SANDUSKY, Ohio (WDTN) - It sounds like a fish story.
"They were just jumping into the boat," says author Jackson Landers of his encounter with Asian Carp.
The only thing missing? The line, "They were "this" big".
But this story is no tall tale.
"It's real," Landers says. "It's incredible."
If Asian Carp invade, Ohio boaters won't be the only ones who take a hit.
"Any invasive species that gets into a system has a potential to alter that system in a negative manner," says Rich Carter with the Ohio Dept. of Natural Resources.
In September a crew of Ohio, Michigan and federal experts were on the hunt for Asian Carp in the Sandusky River, at the head of Lake Erie, but they're far beyond putting worms on a hook.
They used a technique known as Electro-fishing.
Shock waves herd the fish into nets. The goal is to discover proof of Asian Carp.
Today, thankfully, there's none.
But that only deepens the mystery surrounding the fish because previous lake samples showed the carps' environmental DNA.
So the question remains. Is Lake Erie being infested?
"If Asian Carp are present they're present in low numbers," Carter says.
Why worry about the carp invasion?
"What these Asian Carp do is out compete our native fish for that food so they an potentially reduce the numbers of our sport fish that are out there," Carter says.
That could be very costly. Carp could crowd out walleye and take a big bite out of the lake's $800 million sport fishing industry.
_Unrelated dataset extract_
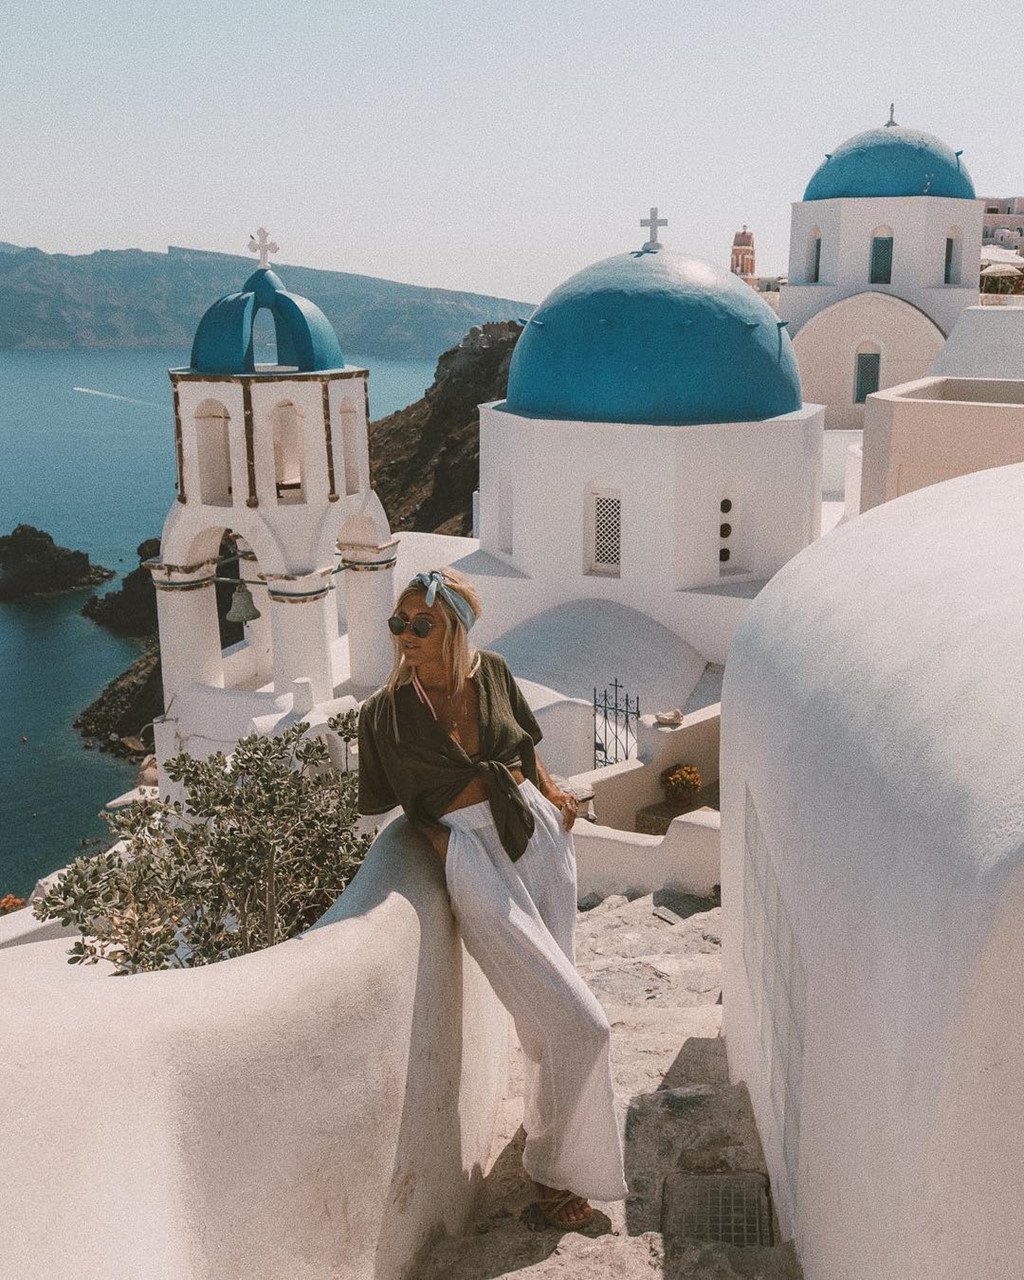 Đảo Santorini (Hy Lạp) với những tòa nhà hòa quyện giữa gam màu trắng tinh khôi và xanh coban quyến rũ là một trong những hòn đảo hút khách nhất châu Âu và cũng là điểm check-in quen thuộc trên Instagram. Tại sao những người có ảnh hưởng tới cộng đồng du lịch cùng đổ xô tới các địa điểm giống nhau và chụp những tấm hình tương tự? Ảnh: Instagram/gypsea_lust.

Pete Ziehler's car is like a billboard for fishing, filled with bumper stickers.
To him work is for people who don't know how to fish.
"It's just peaceful, Ziehler says. "Nothing like hearing the water run and if I can get a fish that'll make it all better."
Ziehler from Bellbrook is co-founder of the National Association of Professional River Anglers.
He's heard his share of fish stories through the years, but when it comes to Asian Carp, Pete would rather catch anything else.
"You hear the tales and thankfully they're not here," Ziehler says.
More like not here yet..
They have been spotted in the Ohio River near the mouth of the Little Miami, near Cincinnati.
They already pose such a threat to the Great Lakes region that Ohio has joined Illinois, Michigan, Wisconsin, Minnesota and Pennsylvania, to find a way to contain them.
There's even an "Asian Carp" czar, picked by President Obama.
Some say Asian Carp can't breed in our fast flowing rivers in the Miami Valley.
Plus, they'd have to swim through dozens of dams.
Still, Pete wonders about the invasion and he thinks it'll take more than bumper sticker wisdom to solve the problem.
"What's going to happen is they're going to want to throw money at the problem and they're going to jump your fishing license, which is going to filter down to buying lures, buying worms," Ziehler says.
There are many schools of thought about to how combat the carp.
Do we spend millions to build an electric barrier to keep them at bay?
How about using poison?
I found a writer who has another idea.
"It's a big problem," Landers says. "It needs an eradication."
Landers is the author of "Eating Aliens." He's all for eliminating the carp. After all, Landers has seen them jump right in the boat.
In his mind, one way to beat 'em, is to eat 'em.
"It's a total myth that this fish is inedible," Landers says.
Landers thinks if you cut and cook them right, Asian Carp are tasty. So maybe soon they will be on the menu at a restaurant near you.
But for now, it remains to be seen how this fish story will end.